To give perspective students a better insight on each course, we’ve conducted short interviews with the instructors about their course.
See course descriptions and the interviews with the instructors below!
Courses Offered:
Introduction to Unix/Linux and Command-Line Data Analysis (2 modules x 5 weeks @ 2 hrs per week)
Instructor: Matthew Peterson
Course Description:
Introduction to Unix/Linux (5 weeks @ 2 hrs per week)
Logistics:
Date & Time: Sep 25 – Oct 23, Mon/Wed 2:00pm – 2:50pm
For credit: BDS599 CRN 20579
Workshop Cost: $250
This module introduces the natural environment of bioinformatics: the Linux command line. Material will cover logging into remote machines, filesystem organization and file manipulation, and installing and using software (including examples such as HMMER, BLAST, and MUSCLE). Finally, we introduce the CGRB research infrastructure (including submitting batch jobs) and concepts for data analysis on the command line with tools such as grep and wc.
Command-Line Data Analysis (5 weeks @ 2 hrs per week)
Logistics:
Date & Time: Nov 4 – Dec 4, Mon/Wed, 2:00pm – 2:50pm
For credit: BDS599 CRN 20580
Workshop Cost: $250
The Linux command-line environment has long been used for analyzing text-based and scientific data, and there are a large number of tools pre-installed for data analysis. These can be chained together to form powerful pipelines. Material will cover these and related tools (including grep, sort, awk, sed, etc.) driven by examples of biological data in a problem-solving context that introduces programmatic thinking. This module also covers regular expressions, a useful syntax for matching and substituting string and sequence data.
Q1: What do you hope students gain from this workshop?
My hope is that students come to appreciate the power and flexibility of using the text-based command-line interface to interact with (Linux) computational infrastructures. With practice students will become self-sufficient in utilizing the infrastructure to conduct their own research.
Q2: Favorite topic in your course?
Pipelines! The ability to chain the inputs and outputs of multiple commands to filter data is immensely powerful.
Q3: Who should register for this course?
From the first page of the course syllabus: “Linux/Unix Commands, Bioinformatics Utilities, Computational Infrastructure: If you know nothing about the above, then you are exactly in the right course! WELCOME!”
Q4: Advice for users new to bioinformatics and/or programming?
Practice, practice, practice! Learning how to use the command-line effectively is like making a clay pot, you need to get your hands dirty!

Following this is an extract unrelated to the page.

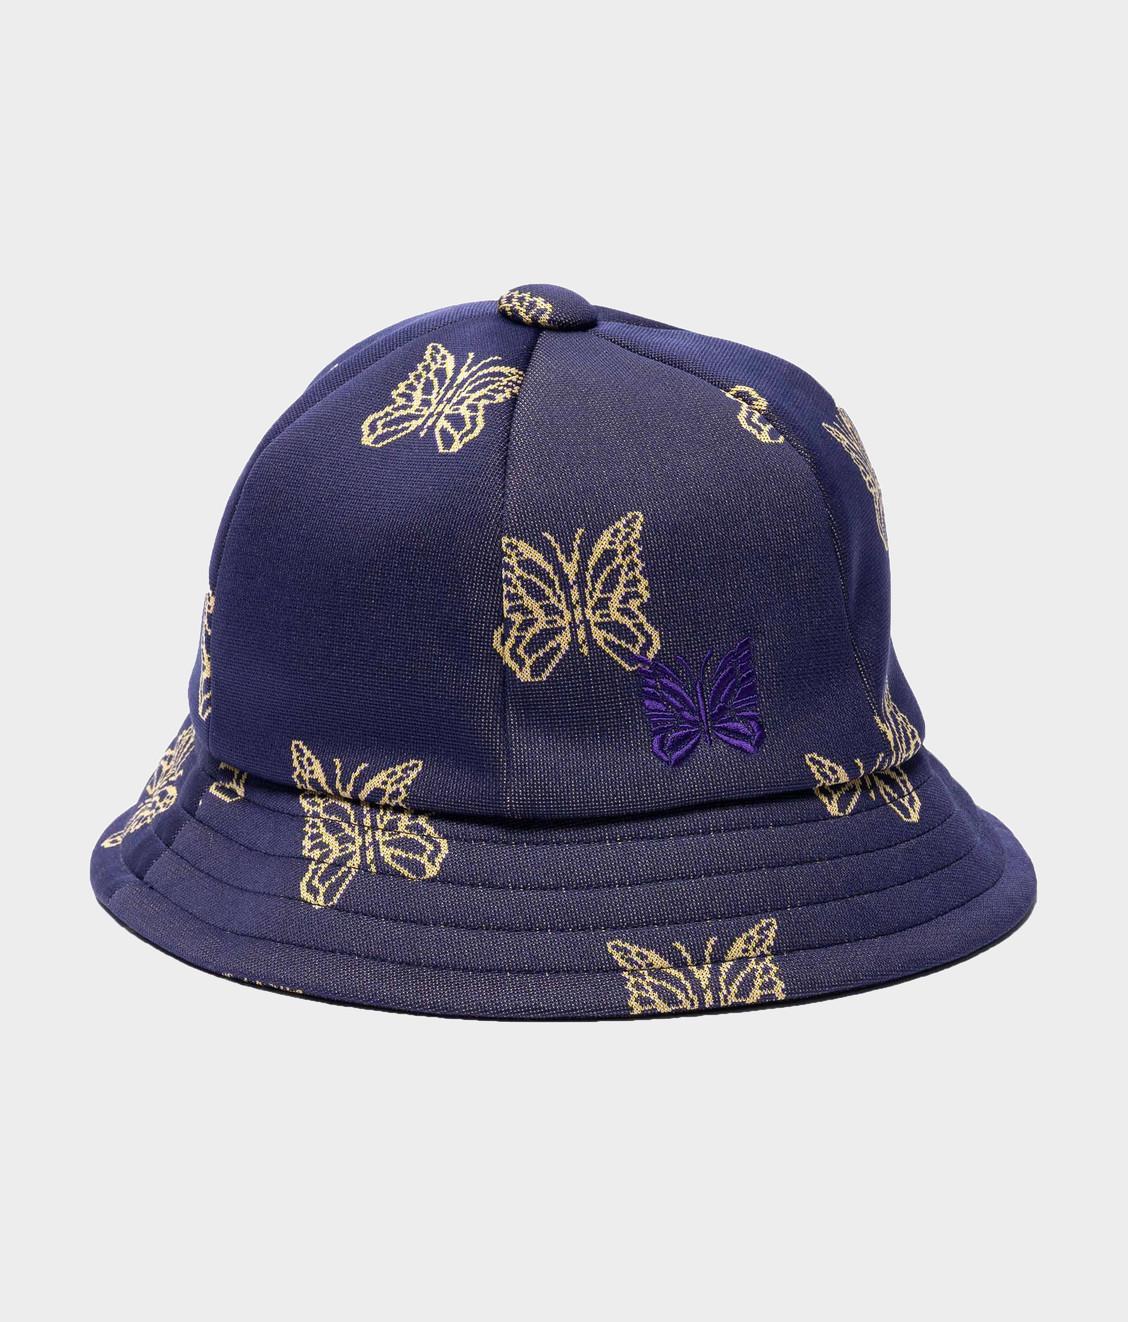 Needles Needles Bermuda Hat Poly Jacquard Papillon

RNA-Sequencing (10 weeks @ 2 hrs per week)
Instructor: Dr. Andrew Black
Course Description:
Logistics:
Date & Time: Sept 25 – Dec 5, Tue/Thur 11:00am – 11:50am
For credit: BDS 599, CRN 20581
Workshop Cost: $500
This course provides an introduction to, and practical experience with, the computational component of bulk-RNA-sequencing. After a general overview, participants will obtain a working introduction to command line, R-studio, and accessing and utilizing a computing infrastructure. Students with then work through a series of exercises cleaning raw FASTQ files, aligning reads to a reference genome, quasi-mapping reads to a transcriptome / de novo assembly, followed by data visualization and Differential Gene Expression analysis.
Q1: What do you hope students gain from this workshop?
I hope that students gain an understanding of the computational workflow involved with RNA-seq and an appreciation of the methodology! My overarching goal with this course is that people can use material from this course as scaffolding for analyzing their own data on the CGRB infrastructure.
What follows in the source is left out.